In i2 TextChart Server, the manager provides a REST service for submitting documents for processing. There are two ways to submit document text (raw and string), and two types of processing (immediate and ingest), leading to four individual methods that are available in the interfaces.

Documents may be submitted in one of two forms:

  • Raw: Raw documents are provided as a simple array of bytes. These documents may be of any supported encoding and document type, including complex formats like Microsoft Word and PDF. The i2 TextChart Server system first converts these documents to simple text before they are analyzed by the extraction engine.

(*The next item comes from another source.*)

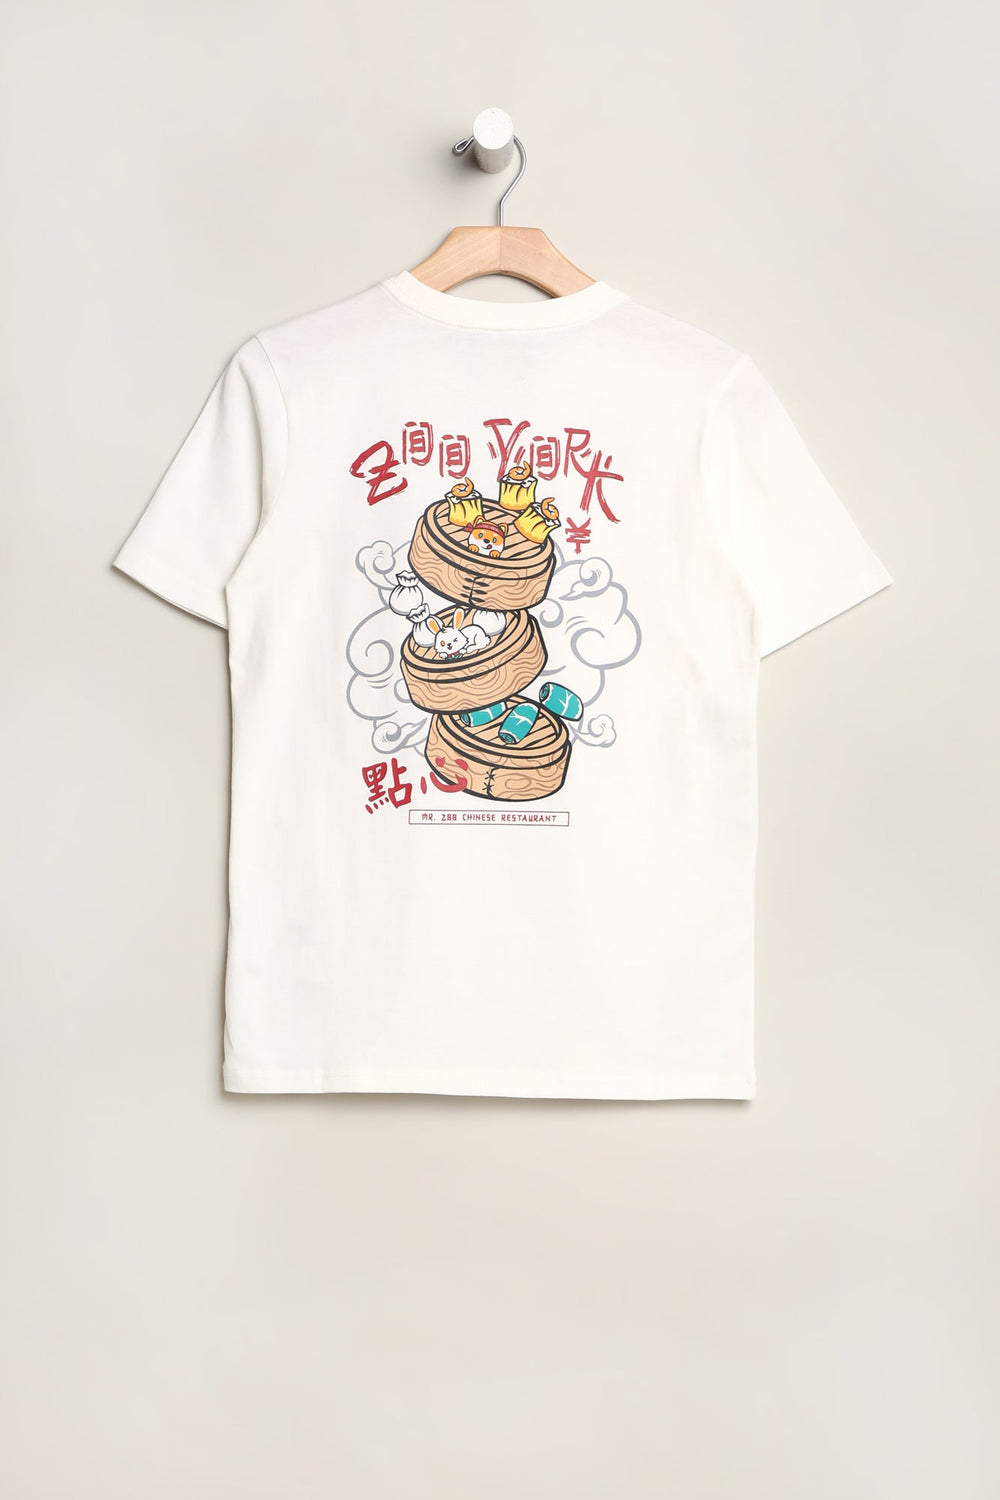 T-Shirt Imprimé Dim Sum Zoo York Junior T-Shirt Imprimé Dim Sum Zoo York Junior

  • String: Documents that are already in simple text format can be submitted as a UTF-8 encoded string. Doing so avoids the processing overhead of the conversion.

Depending on where results are to be sent, you can choose from an additional pair of options:

  • Immediate: Documents are pushed to the head of the queue on the manager so that they are processed as soon as a worker node has free cycles. The results are then returned as the result of the REST call.

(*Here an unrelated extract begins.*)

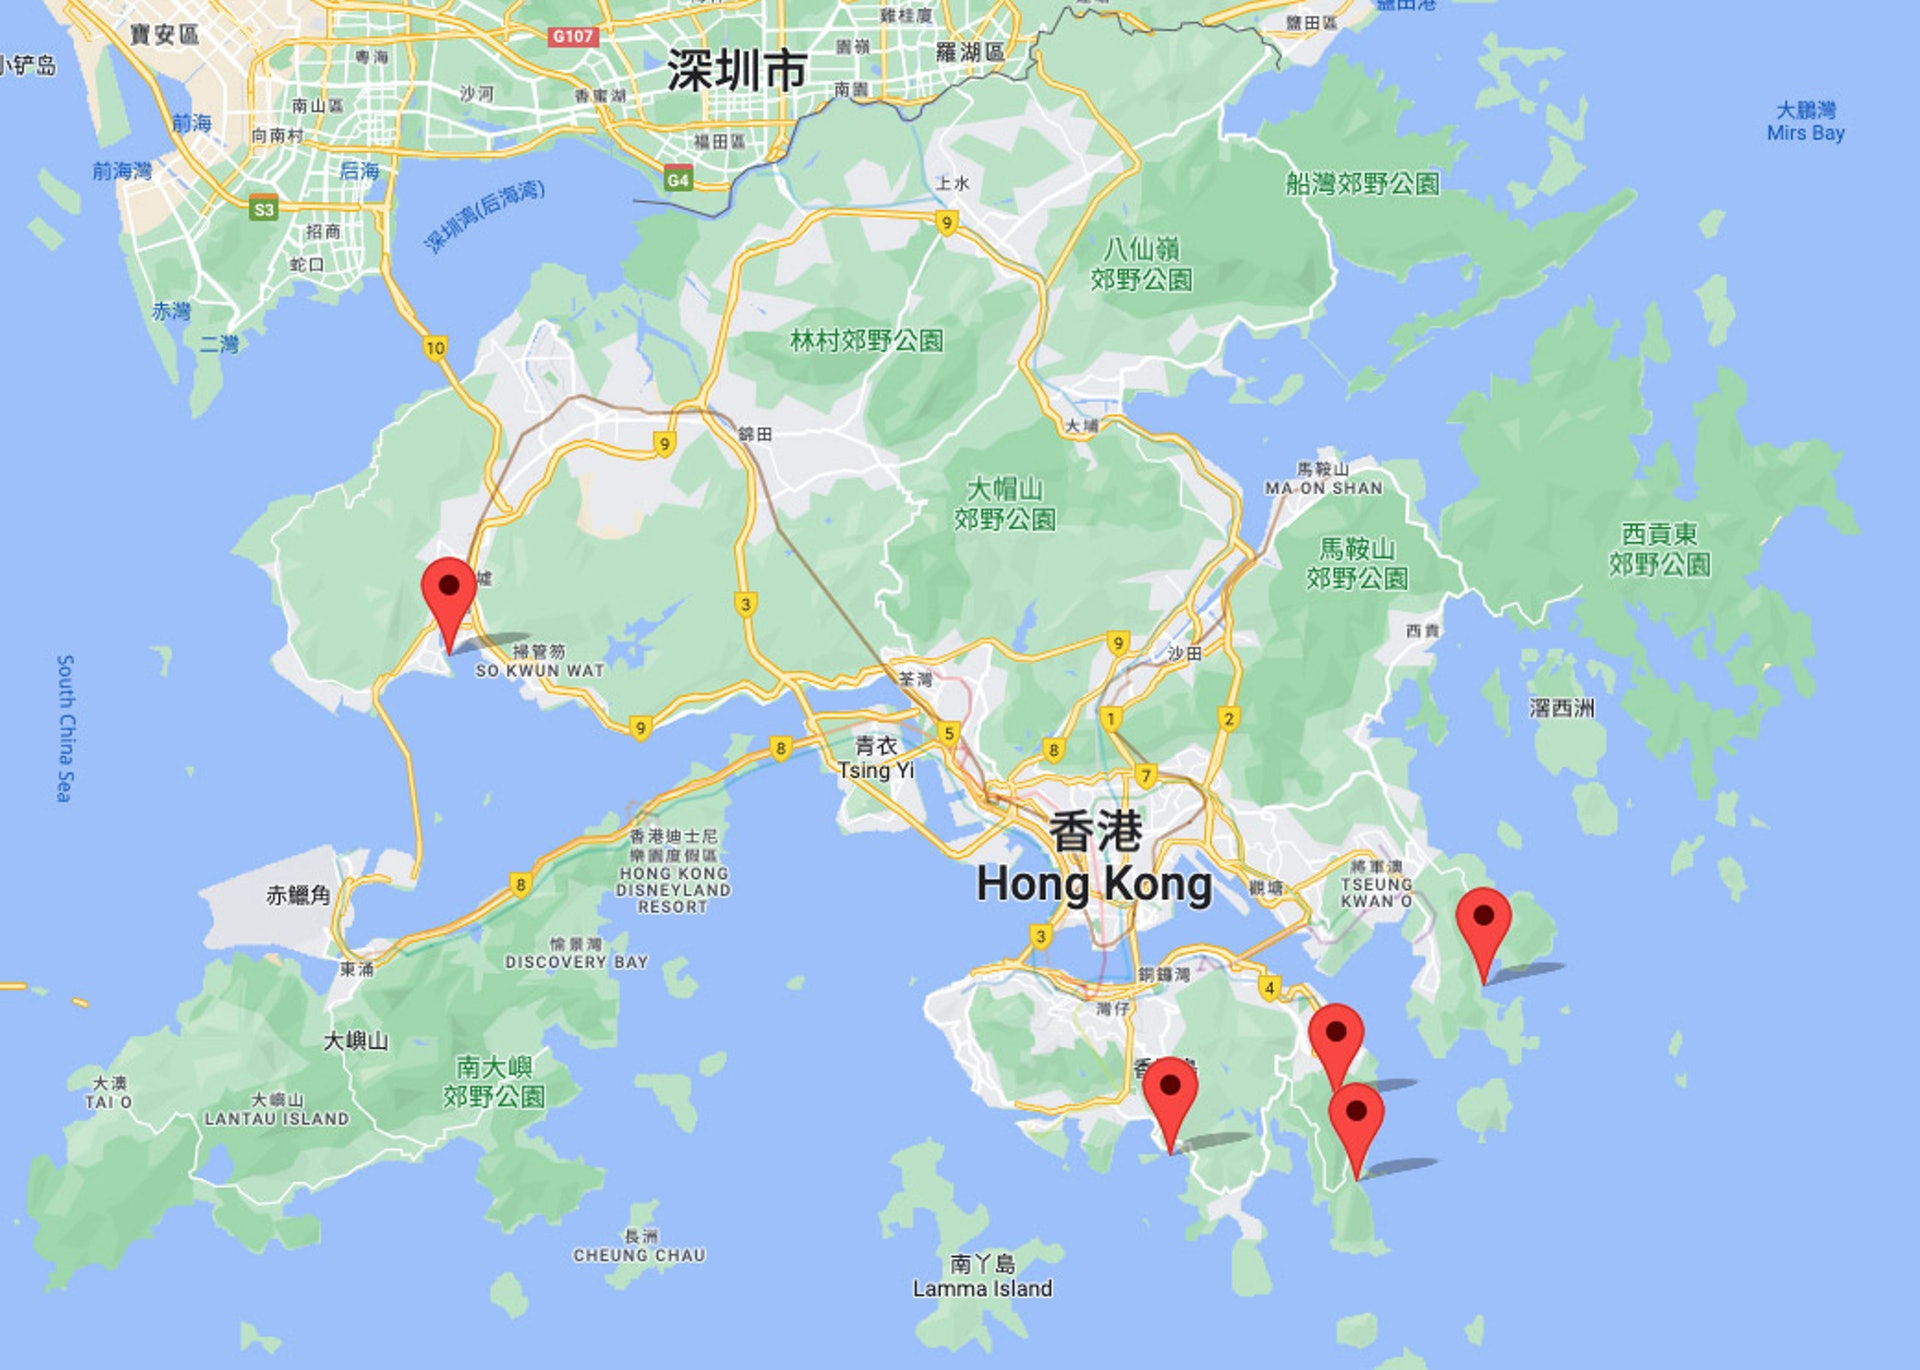 《香港01》科技玩物記者走訪香港 5 大熱門泳灘，並實地測試香港 4 大電訊商在各大泳灘的實地 5G 網絡接收速度。

    In general, use this for cases where the extraction results are needed immediately, such as an application with a user interface.

  • Ingest: Documents are pushed to the end of a queue (one queue per cluster), from which they are processed in order on the next available worker node that has free cycles. The results from the extraction are then pushed to the cluster's output connector that has been, which is typically a database.

    The result from the REST call is a simple status value indicating whether the document was successfully queued for processing.

    Note: If no output connector is defined for a cluster, and documents are submitted in ingest mode, then the extraction results are discarded.

Input connectors

Another way of getting documents into the system is to use an input connector. Input connectors are small pieces of code that are loaded dynamically by the i2 TextChart Server manager node at startup.

You can start and stop input connectors through the manager administration interface, or you can set them to start automatically when the manager starts.

This version of i2 TextChart Server includes two input connectors:

  • FileMonitor: This connector can monitor one or more directories on the manager file system and, for each directory, process new and changed documents immediately or on a schedule as the contents change. Optionally, the connector can delete or move processed files to another location in the file system.

  • Crawler: This connector can be set up to crawl any number of websites to a particular depth, and send any text-based documents (HTML, XML, plain text, and so on) to the extraction engine. Optionally, you can configure sites to be crawled on a schedule.